Precious testimony, almost certainly unpublished, from a French military officer present in Danzig (now Gdansk, Poland) at the time of the fall of the Republic of Danzig founded by Napoleon I, and during the siege led by the Russian and Prussian armies against this place.
The volume is a collection of copies, almost certainly autographs, of 52 letters addressed by the author to various people between October 17, 1811 and November 11, 1814. He was thus present during the siege, which lasted from January to November 1813, and relates the conditions of his stay and gives many details of the situation.
Handwritten note on a flyleaf: "F. Le Baron", possibly the scribe's name, then "Années 1811-1812-1813-1814".

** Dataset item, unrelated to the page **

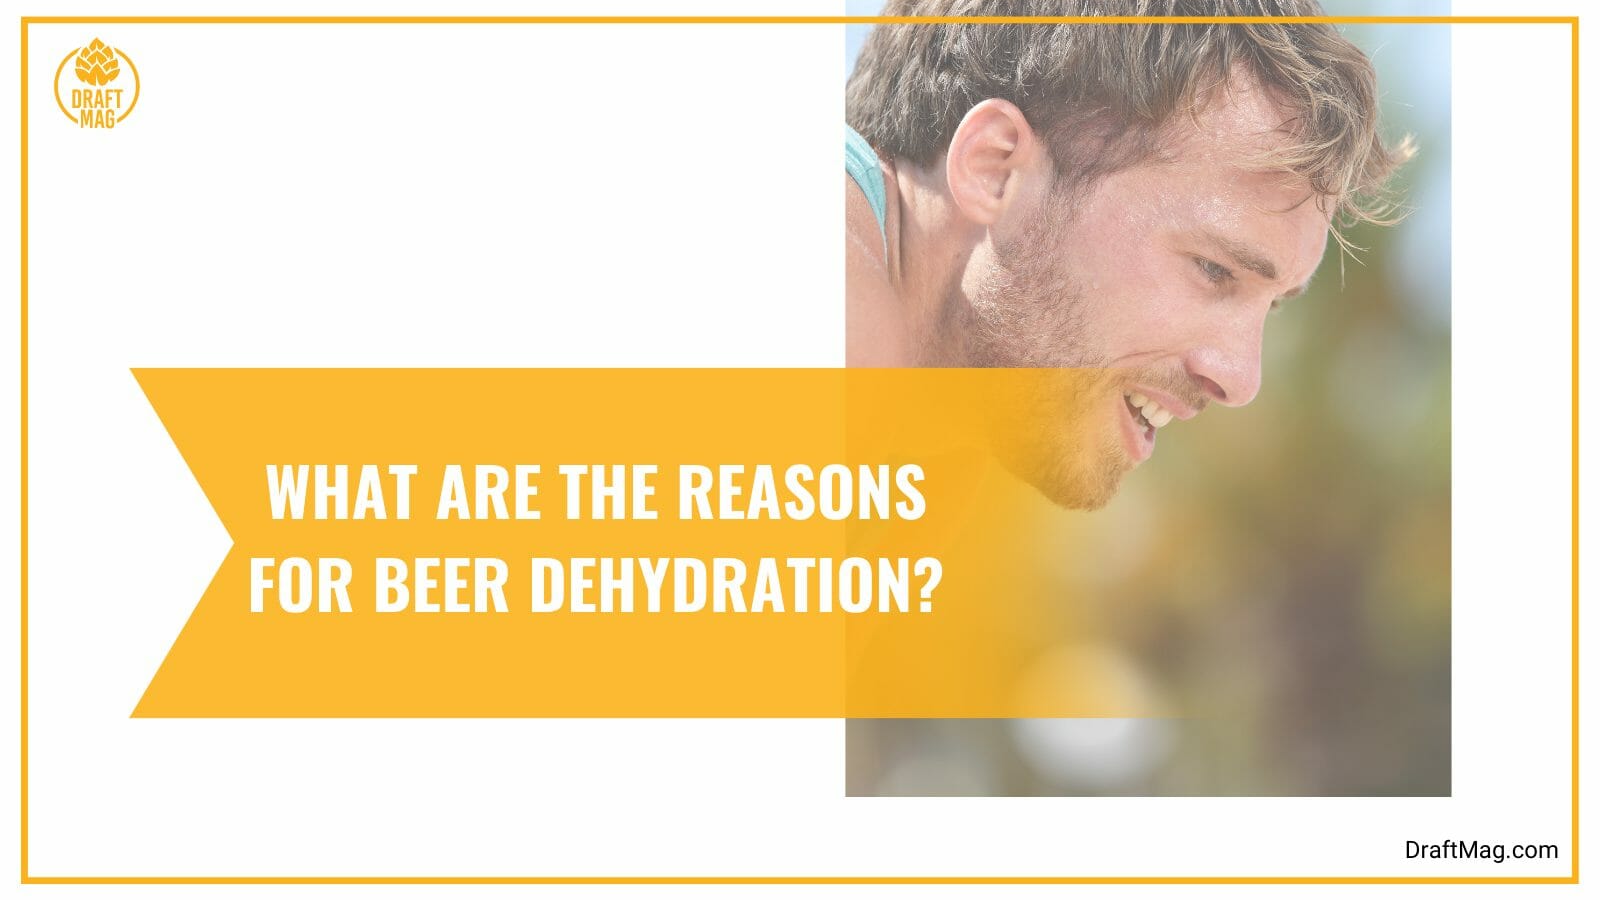 Reasons for beer dehydration

The first letter written from Danzig is dated May 19, 1812, and addressed to his parents. On the 21st, he announces his entry "into the quarry", without any illusions: "It's done, the die is cast, Mars is calling me and marching under its stars I shall enter a career whose goal is full of glory, but to which I shall perhaps fail as most of our bravest warriors do". No more apt premonition could be imagined.